Will Michael Andlauer’s ownership propel the Senators to the next level?

Saddled with debt and careening toward bankruptcy, the Ottawa Senators failed to pay their players as scheduled on New Year's Day 2003.

The next night, the Sens thumped the Atlanta Thrashers 8-1, their most emphatic victory in a Presidents' Trophy season. On the ice, the players' motivation to win didn't wither. Off it, there was "more than a chance" the cash-strapped franchise would be sold and relocated to an American market, club owner Rod Bryden warned.

The team the late Eugene Melnyk bought from Bryden for a pittance two decades ago is about to sell for $950 million, according to Postmedia's Bruce Garrioch.

The Senators will stay put - moving out of Ottawa wasn't an option this time - and be governed by Michael Andlauer, the transportation magnate who'll divest his minority stake in the Montreal Canadiens to close the purchase. Andlauer, who also owns the Ontario Hockey League's Brantford Bulldogs, will assume control of the Sens once the NHL approves the agreement.

The transaction, one of the richest in league history, wraps a bow on Melnyk's tumultuous ownership tenure. Occasionally a Stanley Cup contender on his watch, the Senators became a laughingstock at the nadir of the rebuild Melnyk initiated in 2018. His daughters, Anna and Olivia, inherited and opted to sell the franchise following his death last year at 62.

A celebrity bidding war ensued. Snoop Dogg and The Weeknd joined rival consortiums. Senators fans stood to applaud Ryan Reynolds at multiple games this past season, though the actor and marketing maven dropped out of the process recently.

Toronto-based billionaires, Andlauer among them, headlined three of the four groups that submitted bids. Andlauer and his partners will purchase 90% of the team, while the Melnyk estate retains a 10% share.

The Senators were in demand for a few reasons. Big Four sports teams aren't often put up for sale. Rising valuations make them a safe haven for investment. Another Sens bidder, Steve Apostolopoulos, tried and failed to acquire the NFL's Washington Commanders this spring despite reportedly bidding $6 billion.

Ottawa-specific factors resonated, too. Gutted to the studs, the Senators' rebuilt roster now boasts such electrifying talents as Tim Stutzle, a 90-point center at 21 years old. Ottawa could vie for championships if smart additions are made to support the ascendant young core. Most significantly, the franchise has the chance to build a state-of-the-art arena downtown to replace the Canadian Tire Centre, its aging suburban home.
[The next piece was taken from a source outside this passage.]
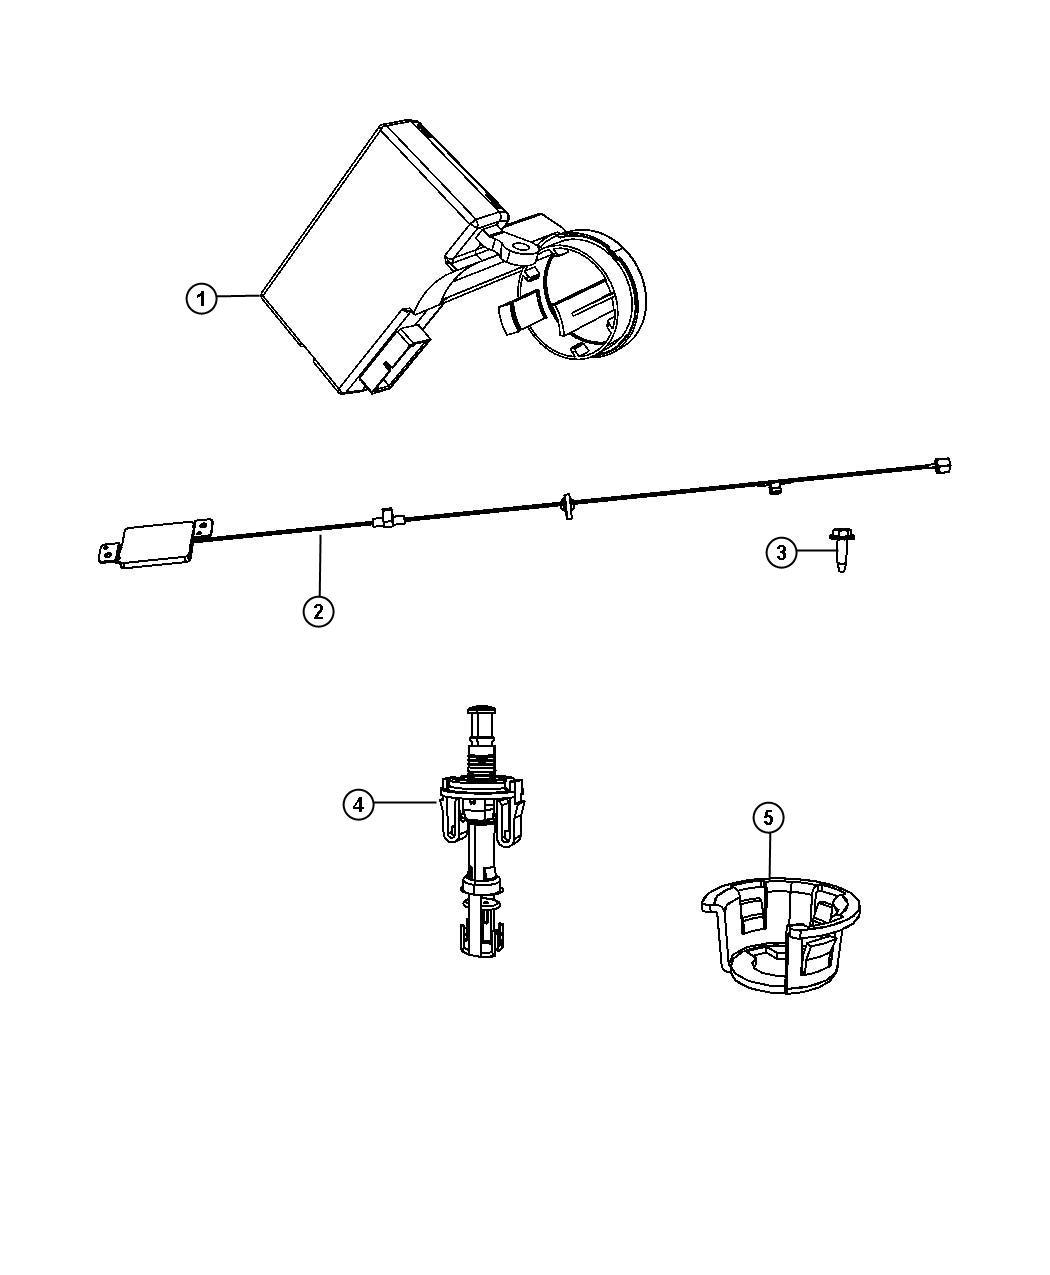 Valet Remote Wiring Diagram. . Wiring Diagram on

Andlauer's first months in charge promise to be monumental. Early on, he has to clarify the fates of general manager Pierre Dorion and head coach D.J. Smith.

Dorion, the architect of Ottawa's rebuild, is the NHL's eighth-longest tenured GM. Only six head coaches, four of whom are Stanley Cup winners, have held their jobs for longer than Smith, who was hired in 2019. Their four seasons as a tandem have produced a .467 points percentage and no playoff berths.

Dorion's managerial track record is mixed. He acquired Claude Giroux, Alex DeBrincat, and Jakob Chychrun over the past year without trading a player or prospect. He signed Stutzle and captain Brady Tkachuk to long-term deals that should age gracefully. His misfires include dealing Mika Zibanejad in 2016 before the Swedish center's star turn and anointing Matt Murray, then Cam Talbot as prospective saviors in net toward the end of the rebuild.

Smith, a gifted communicator, didn't get to coach a playoff-caliber team until this past season. Those Senators undershot expectations. Ottawa started 6-12-1, was 31st in the league standings on U.S. Thanksgiving, and had to scratch and claw to eventually miss the postseason by six points. Stutzle and Tkachuk blossomed into point-per-game scorers, but DeBrincat, Drake Batherson, and Thomas Chabot endured down years.

The Senators traded consecutive first-round picks to land DeBrincat and Chychrun, swinging big to try to snap their ongoing six-year playoff drought. Only the Buffalo Sabres and Detroit Red Wings - two Atlantic Division rivals on the rise - are in the midst of longer skids. If Andlauer doesn't have time to instate his own people this offseason, 2023-24 will make or break the futures of Dorion and Smith in Ottawa.

Dealing with DeBrincat is an organizational priority. The two-time 40-goal sniper settled for 27 tallies in his first Senators season. Ottawa was outscored 58-42 in DeBrincat's five-on-five minutes, according to Natural Stat Trick, but went 20-1-2 in games where he found the net.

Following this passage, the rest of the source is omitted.